The suite for small orchestra, The Birds, was written in 1927 at the same time as he was working on the last of the Roman tone poems. Stravinsky, who was involved in serious classical work on Apollo at about the same time and in no mood to produce another Firebird, would have found that division of interest difficult to understand. Even so, The Birds is one of the most delightful and most stylish examples of a modern composer’s reworking of baroque material. Based on eighteenth and seventeenth century harpsichord pieces inspired by bird song, it presents four light-hearted ornithological studies within the sturdy framework of a Bourrée by the Italian baroque composer Bernado Pasquini (1627-1710).

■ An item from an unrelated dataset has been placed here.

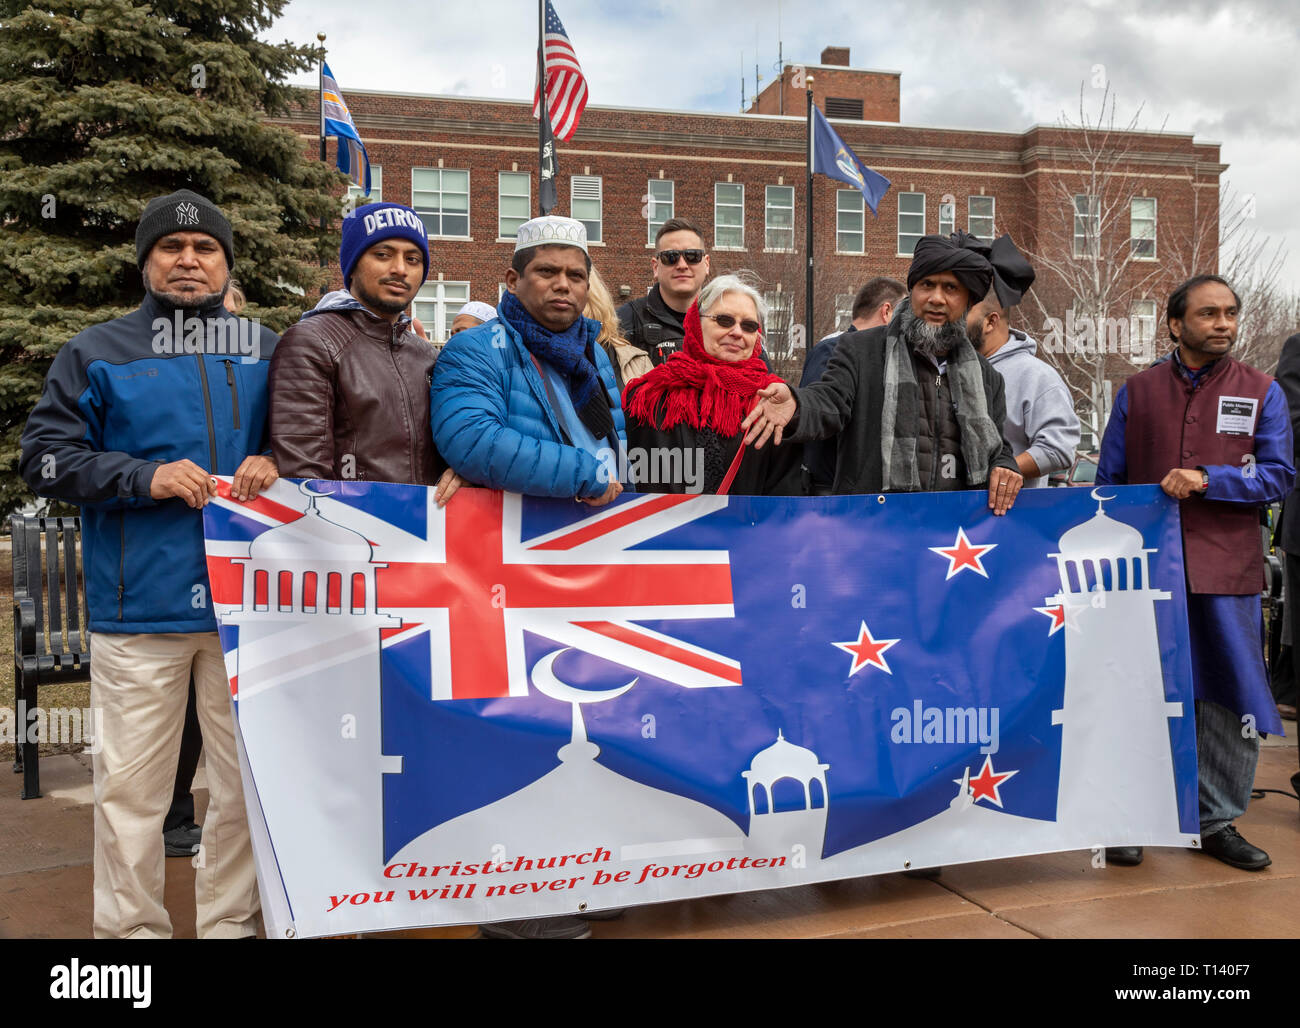 Hamtramck, Michigan, USA. 22nd Mar, 2019. A rally remembers the victims of the New Zealand mosque shootings and protests continuing Islamophobia. Hamtramck has always been a city of immigrants, most recently from Muslim countries. Credit: Jim West/Alamy Live News Stock Photo

The shape of the suite as a whole is anticipated in the Prelude, where Pasquini’s Bourrée is interrupted first by a hen on violins and oboe, then in quick succession by a cuckoo on flute and bassoon, a nightingale on flute, and a dove on two clarinets. The cuckoo calls return in a little Allegretto dance episode interpolated before the recall of the Bourrée.
The Dove, based on a piece written by Jacques de Gallot in Paris in about 1670, is a particularly subtle example of Respighi’s mastery of orchestration: nothing sensational to begin with, just a melodic line perfectly placed on the oboe and accompanied by F sharp minor harmonies on the harp, a modest counterpoint on the flute, and scarcely perceptible hints of birdsong high on muted violins. The middle section introduces the characteristic murmuring of doves on violins and violas and a reprise of the first section recalls the melody in different instrumental colours against the still murmuring background. In the magical final bars the dove takes to the air in weightless figurations on flute and harp.
The Hen, based on a famous piece by Rameau (1683-1768), is a strident contrast, the scoring remarkable this time for its brilliant wit, particularly in the use of bassoons and muted trumpets.
The Nightingale opens with an affectionate parody of Wagner’s Forest Murmurs, which actually persists through the whole movement. Against that background the flute introduces a melody (derived from an anonymous 17th century English harpsichordist) which is offset by delicately drawn counterpoints on other woodwind instruments and twittering bird song on the piccolo. At the end the nightingale flies away on violin harmonics and a rising scale on the celesta.
The Cuckoo flies in on the same instruments. Based on a Toccata by Pasquini, it incorporates a short chorale-like middle section before returning to the outdoors and by stealthy degrees - on celesta and pianissimo woodwind - to a recall of the opening Bourrée.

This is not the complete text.